Perceberá bem o porquê da (alegada) escolha, quando serpentear pelas estreitas ruas de Monsanto. Tudo ali remete para tempos de antanho. Tudo ali impressiona. José Saramago impressionou-se: "De pedras julgava o viajante ter visto tudo. Não o diga quem nunca veio a Monsanto", lê-se nas paredes de um café da aldeia. É a mais pura das verdades. Tudo em Monsanto é feito de pedregulhos e rochedos com colossais dimensões. A dada altura, verá como esta pergunta se impõe: foram as casas que nasceram no meio das fragas, ou as fragas que nasceram no meio das casas?

Fernando Namora, o escritor que aqui exerceu medicina durante dois anos, carimbou-a assim: "a nave de pedra". A dimensão dos penedos é tal que chega a ser estranha, Mas depressa se entranha. Na verdade, há trilhos que não permitem inversão de marcha, porque estamos sempre à espera de encontrar algo ainda mais soberbo do que o já visto.

Não apetece sair daqui, até conhecer todos os cantos e recantos da aldeia. Saia, contudo, porque à sua espera está outro portento.

Um oásis no rochedo

Penha Garcia, em Idanha-a-Nova, é outro dos múltiplos lugares da Beira Baixa em que a prequela da "Guerra dos Tronos" poderia ser gravada sem dificuldade.
O Castelo, empoleirado em cima da Penha, é prova da posição privilegiada deste lugar, onde se fixou um povoado neolític0, mais tarde transformado em castro lusitano e posteriormente numa povoação romana. O rio Pônsul foi chamariz para quem no seu leito procurou ouro. De tudo há vestígios, mas o que mais impressiona são os imponentes fraguedos e a descida até aos moinhos impecavelmente guardados pelo senhor Domingos. Aí chegado, procure os icnofósseis, marcas cravadas na rocha com 480 milhões de anos, e, de seguida, mergulhe num oásis que nasceu entre os rochedos: a Zona de Lazer do Pêgo.

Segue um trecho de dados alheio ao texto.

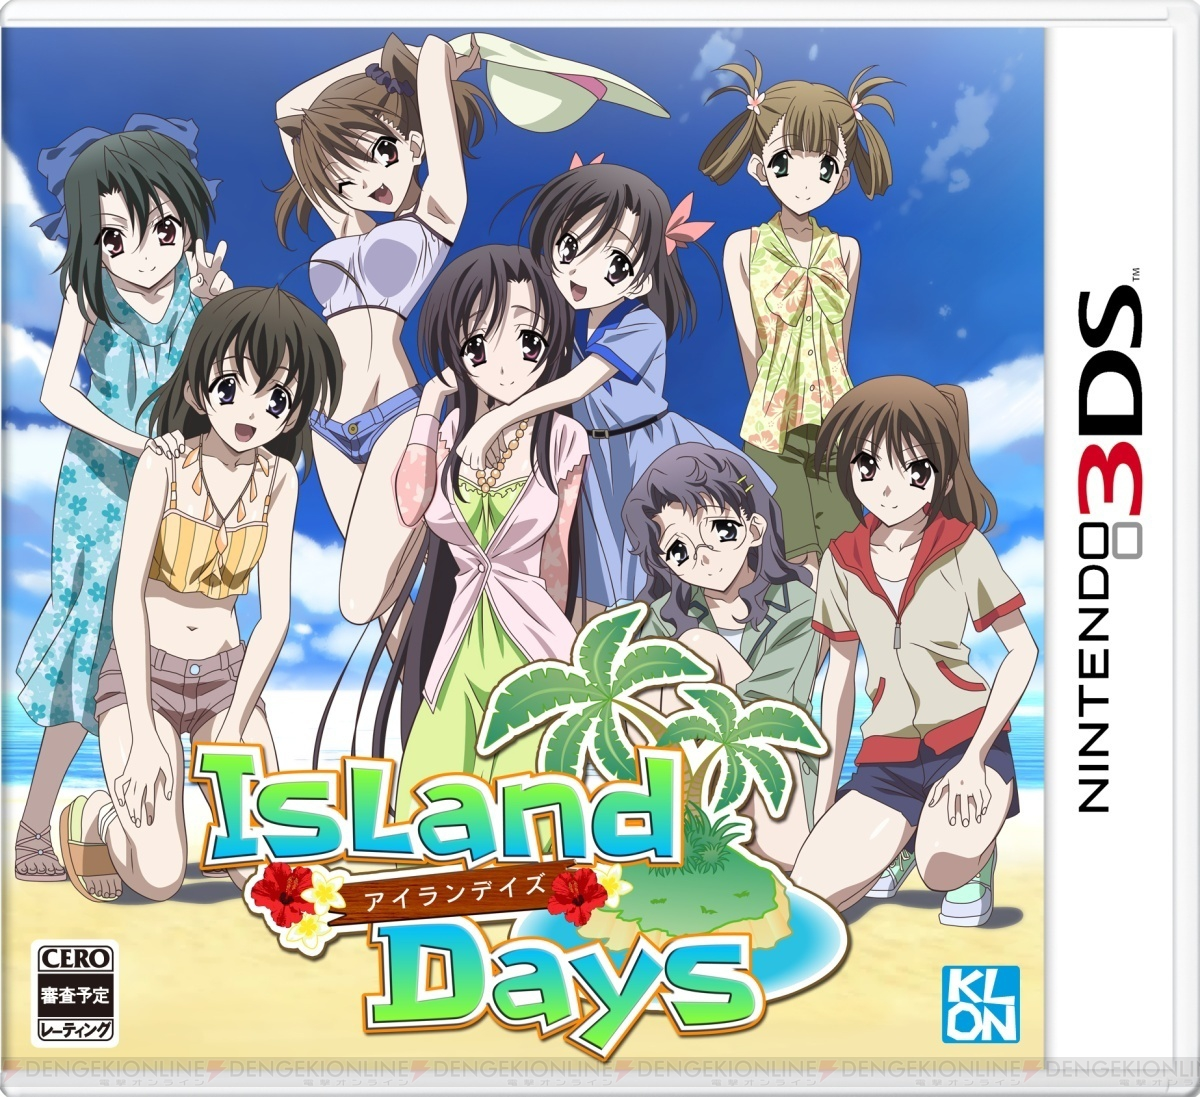 『IslandDays』の早期予約特典を動画でチェック! スペシャルサウンドトラック&設定画集の紹介ムービーが公開

Cansado? Descanse, antes de voltar a casa. Rume à Zona de Lazer de Benquerença (Penamacor), para se espantar uma última vez (antes de regressar à Beira Baixa, claro está). Espaçosa e infraestruturada, carregada de árvores e sombras, com um gigante relvado e impecavelmente cuidada, intrinsecamente ligada à natureza que a rodeia. A água, essa, só pede mergulhos.

Ah, sim: se quiser fazer BTT, birdwatching, parapente e outras atividades que puxam pelo coração, esteja à vontade. Basta procurar aqui.

Boa viagem de regresso a casa. E volte sempre.